3 Comments

  1. Yeah, I’m reading it now and man, is it an ordeal. I’m finding myself just skimming through it at this point, wanting to get it down as quickly as possible; there’s so much melodramatic pose that I can’t understand what the hell is going on half the time. I’ve read books and stories from the 17-century that are easier to grasp. This book is from goddamn 1991! You’d think the authors would know about 20-century English!

    Reading this book just made me wish I were watching ‘Godzilla Vs. The Smog Monster’; it’s more entertaining and I’m able to take it just as seriously.

    1. To be fair, there are a few entertaining moments in it. You’d think that my review was an unmitigated pan, but one of the authors (on a previous version of their web sites –now offline) had managed to carefully excerpt snippets of it to make it look as if I had given it a thumbs-up. It was an admirable lesson in selective editing from a pro writer, and I’m sorry to see that it’s now gone from the Internet.

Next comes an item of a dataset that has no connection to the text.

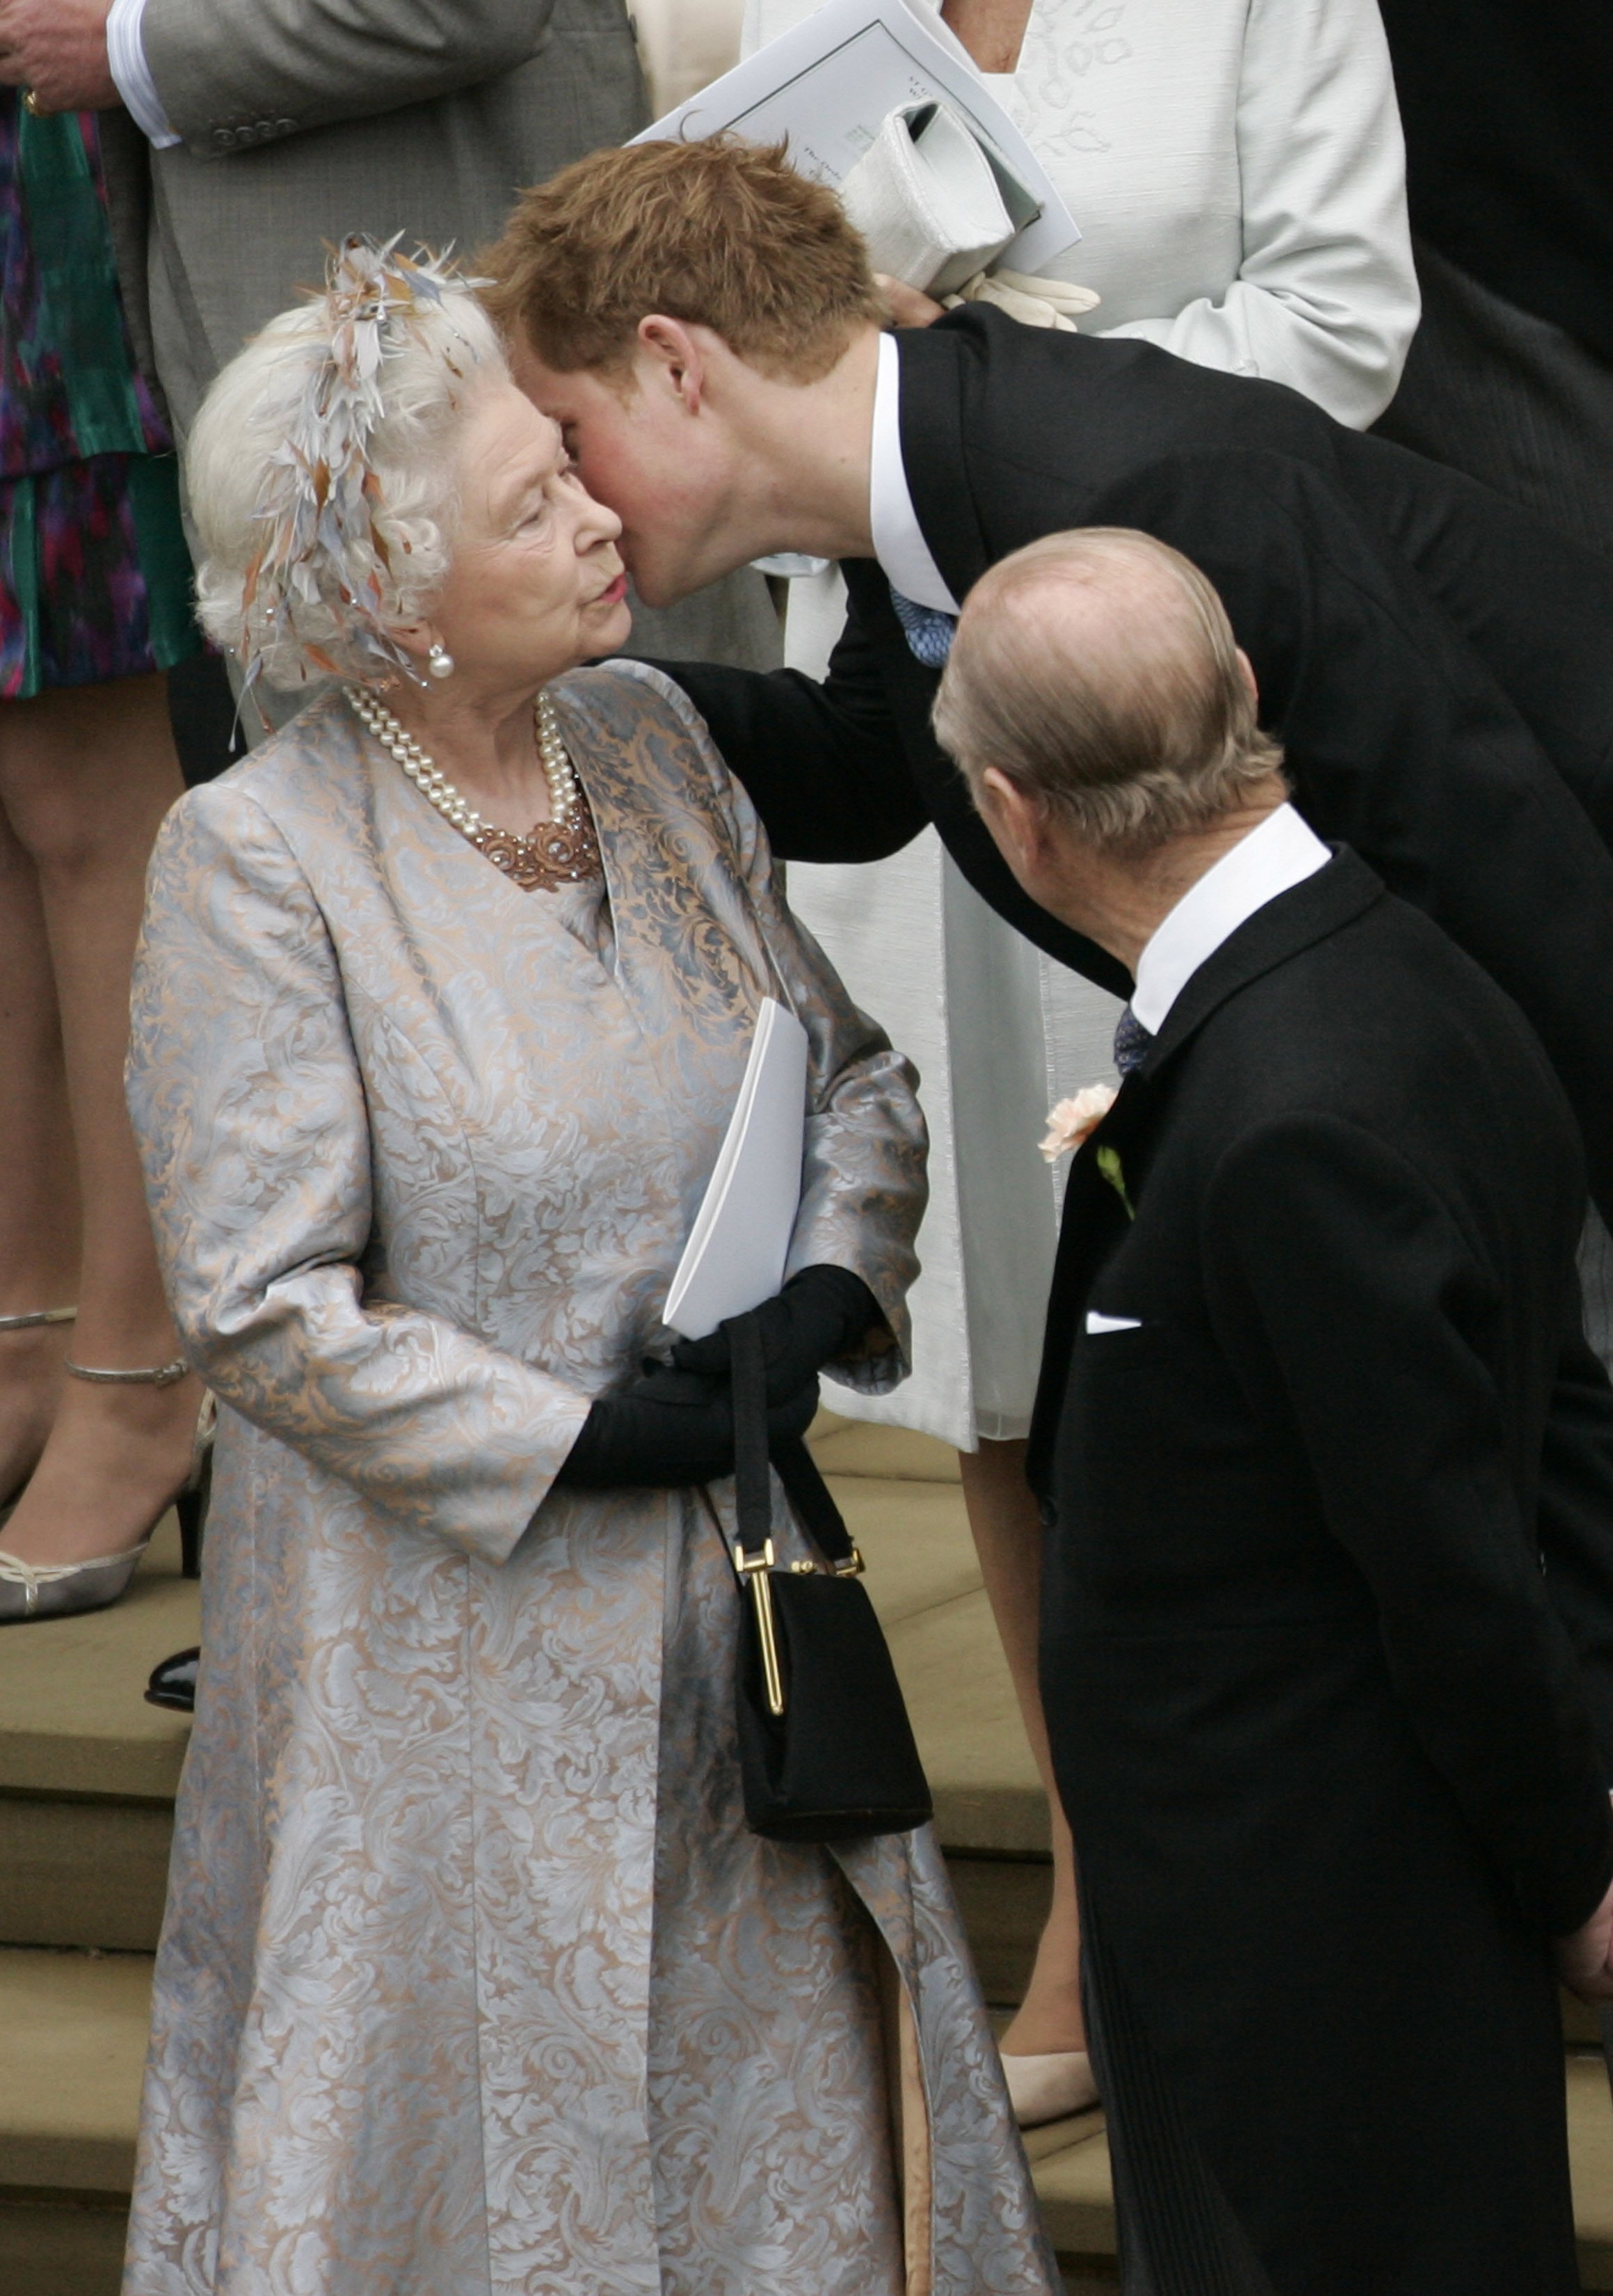  Prince Harry kisses his grandmother Queen Elizabeth II after the wedding of Peter Phillips to Autumn Kelly, at St George's Chapel in Windsor Castle on May 17, 2008 in Windsor, England | Source: Getty Images

    2. This is among my scariest five books I’ve ever read. The first time I experienced it I couldn’t sleep for a week. Climate change doesn’t hold a candle to a toxic waste monster that destroys the world in a week. The scariest thing is that the basic premise is true: people dump poison everywhere — it could bite off your ass a hell of a lot worse than a glacier that might melt a bit over thirty years. Excellent horror, almost too well-to-do eat your heart out, Greta.